Russian Department of Security and Defense
Moscow, Russia

 "Gentlemen, Comrade Krycek and Lana Filipova are dead."

 Colonel Beranek sat upright in his chair.  "What?  How?"

 "Botched deal.  There was a standoff, the Americans got the disks
eventually."

 "What about this Mulder?"

 "Suffering from the after affects of Tunguska, probably."

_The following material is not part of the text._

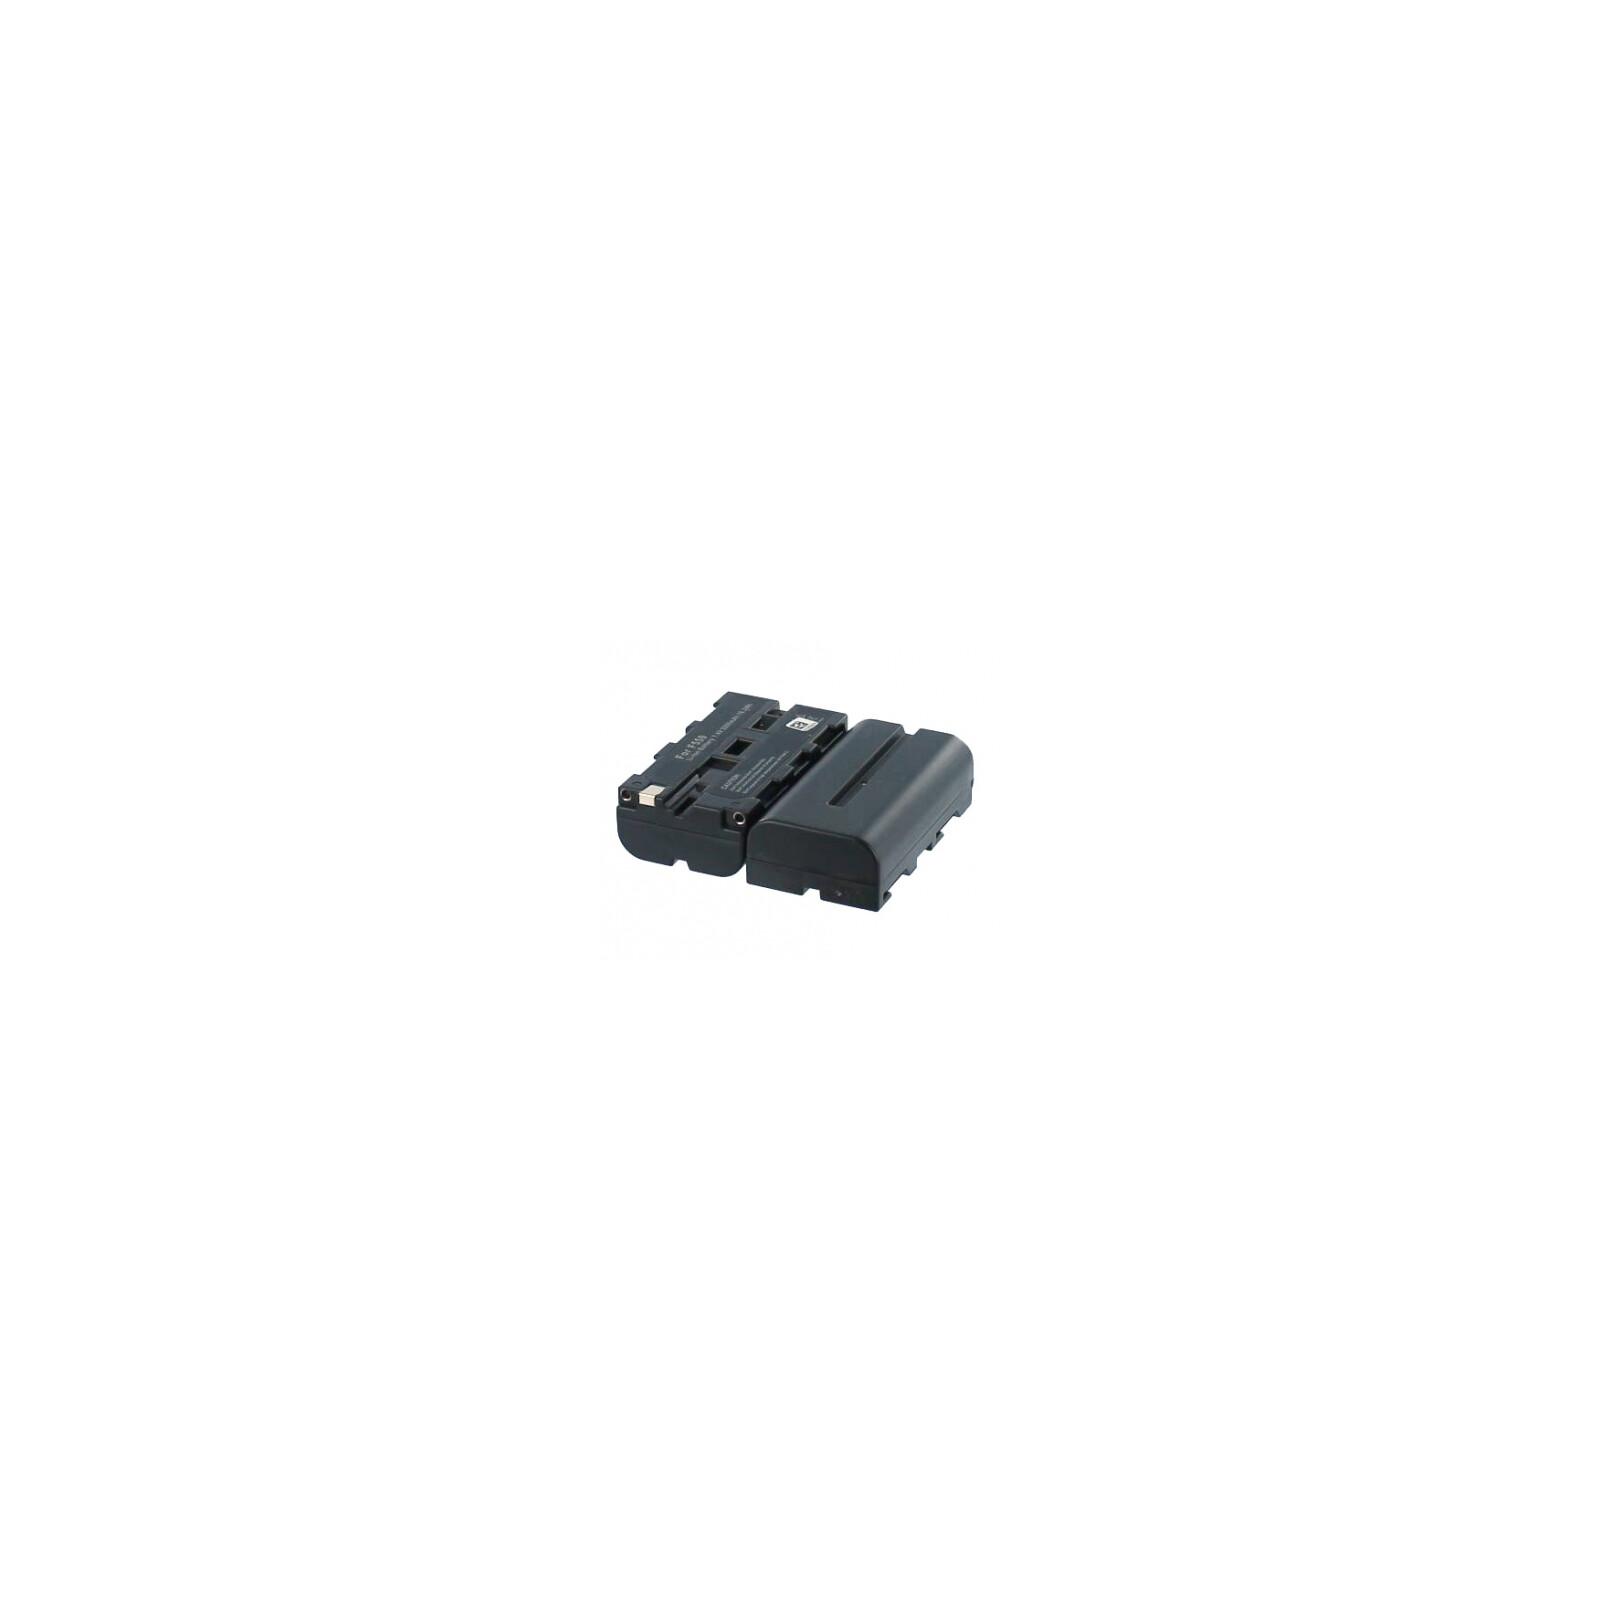 AGI 11632 Akku Sony DCR-TRV900

 "I think we should save him."

 The room turned silent.  They all looked over to the most elderly
man.

 "I've examined what Intel pulled up on this man.  It's quite
impressive.  Of course, he's a Mulder... and we're all familiar with
that family."

 At the mention of an all too familiar name, the older men began
to murmur amongst themselves.  How ironic.  Bill Mulder's son.  A thorn
in the American's side.  The son of the man who helped develop the
Project, now the main opponent of that white bread, old timer's club.
And yet he was spared.  Interesting.

 "He causes our American friends quite a bit of trouble.  He's the
man who got hold of the MJ documents. And yet the Americans did not
kill him.  They didn't kill him this time either even though he was
stuck in the crossfire.  He's important, gentlemen.  We all know about
the American's lofty goals -- their *Project*."  The mention of the
American Consortium and their future plans brought about smirks from
the elder Russian men.  "Maybe this young man doesn't know it yet, but
this Mulder fellow is important.  We could exploit that in the future,
perhaps?"

 Some of the men nodded in agreement.

 One gentleman shook his head in disbelief.  "He killed two of
our spies."

 "Krycek was a rat.  He couldn't decide whether to be American
or Russian from one day to the next.  Filopova?  As long as you had a
bigger dick, she would do anything you told her to.  No.  Those two
were a potential liability -- we can cut this loss easily. We need this
Mulder.  He's much more important than Krycek would have ever been."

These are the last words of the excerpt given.